Includes: Wellness Stipends ($4,000 annual stipend for every staff who works 20 hours or more per week, to be used at their discretion to support their wellbeing); three-month paid sabbaticals for long-term staff; may also include coverage of health insurance premiums and/or retirement funds.
When women are safe and secure in all aspects – including economically –
our families and communities are stronger.
– Stephine Poston, Pueblo of Sandia
Maria Martinez, of San Ildefonso Pueblo, once described money as being like water in the sense that both are about currency and currents. Water is more than hydrogen and oxygen – it makes life possible. Babies begin life in fluids within mother. As we exist and enter unto Earth Mother, we know water as the giver of life. In a similar way, money, while not an end in itself, is a current that makes things possible.

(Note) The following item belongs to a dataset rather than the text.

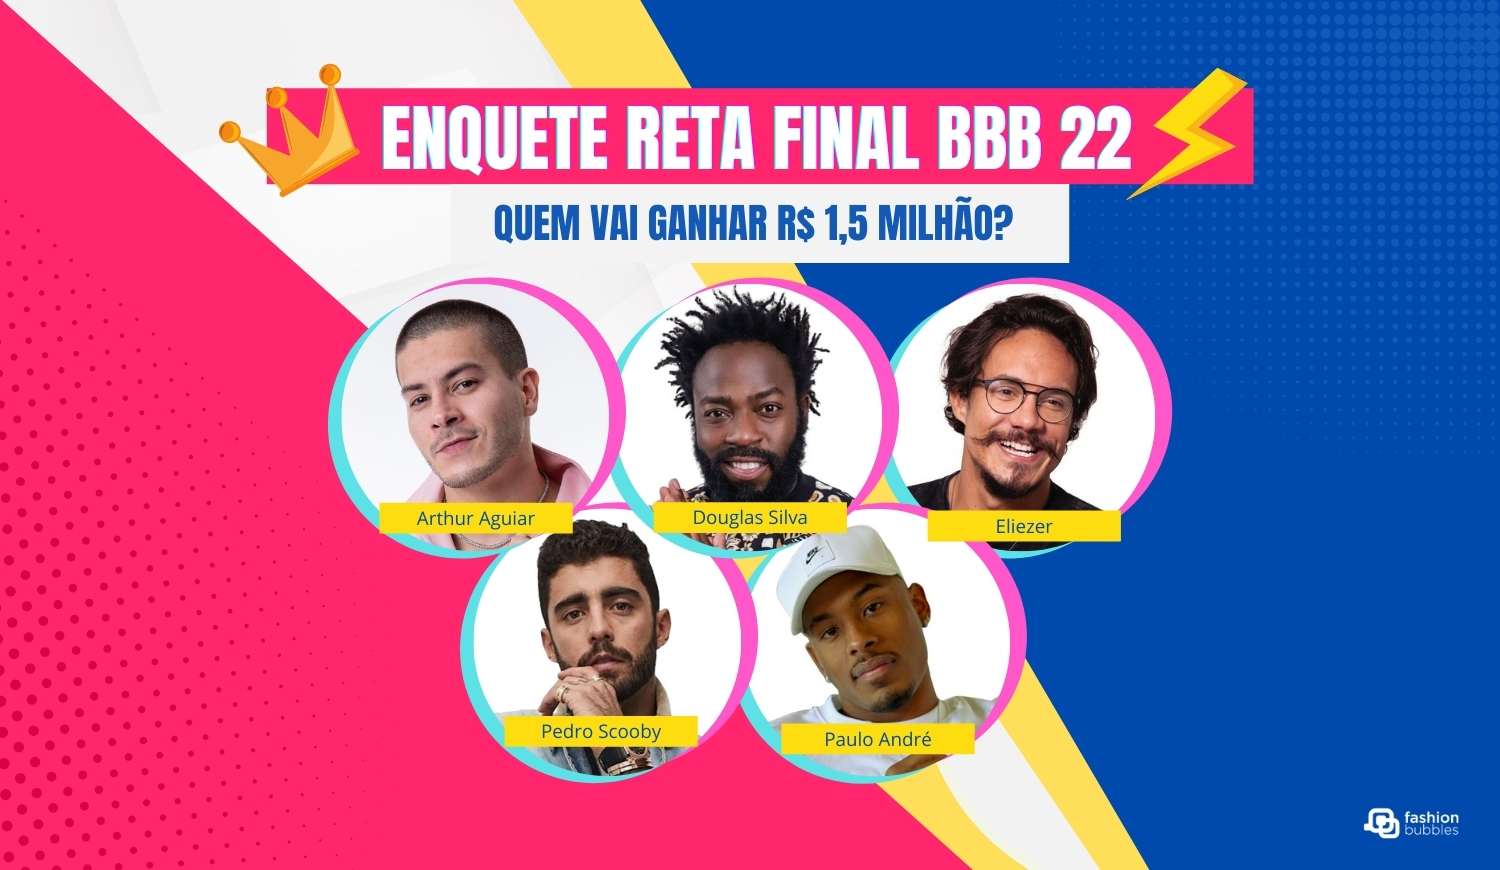 Enquete Reta Final BBB 22: quem vai ganhar R$ 1,5 milhão? Vote no seu favorito do Top 5
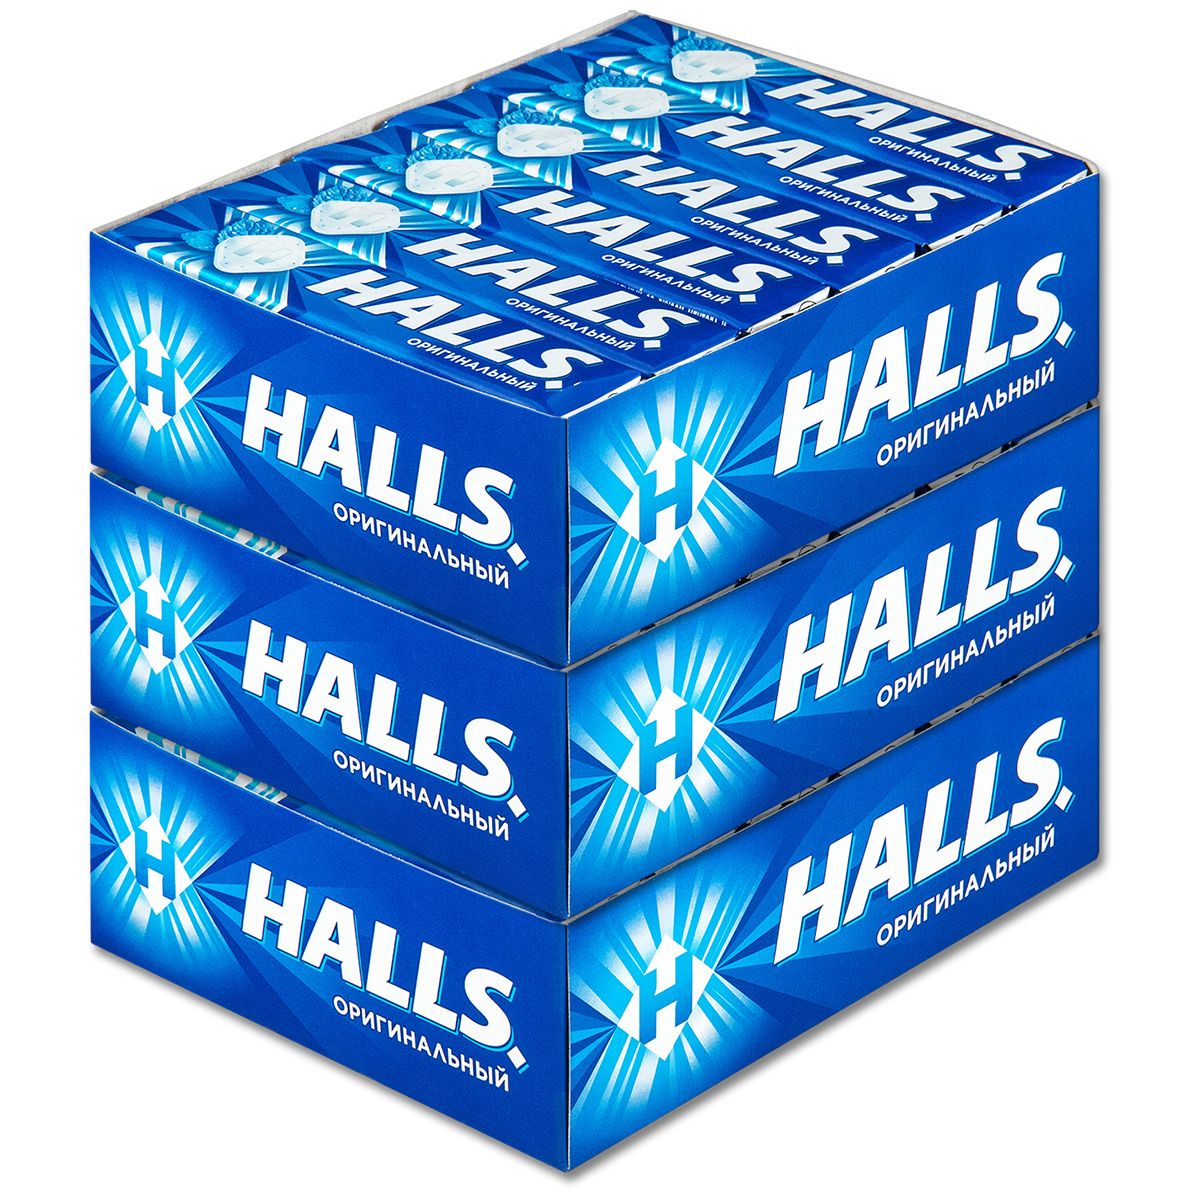 Halls вкусы. Halls леденцы. Halls оригинальный. Halls синий. Halls леденцы синие.

This Journey of Generosity is an opportunity to channel resources and currency to Tewa Women United that will strengthen our capacity to do this work for the next 30 years and beyond. In the words of Edgar Villanueva, author of Decolonizing Wealth, it’s an invitation to use money as medicine, and to heal historical injustices and inequities.
We invite you to join us on this ‘Journey of Generosity,’ Wo’wasti: Na’ingbi aayaagi’i / Live for Our Children’s Future.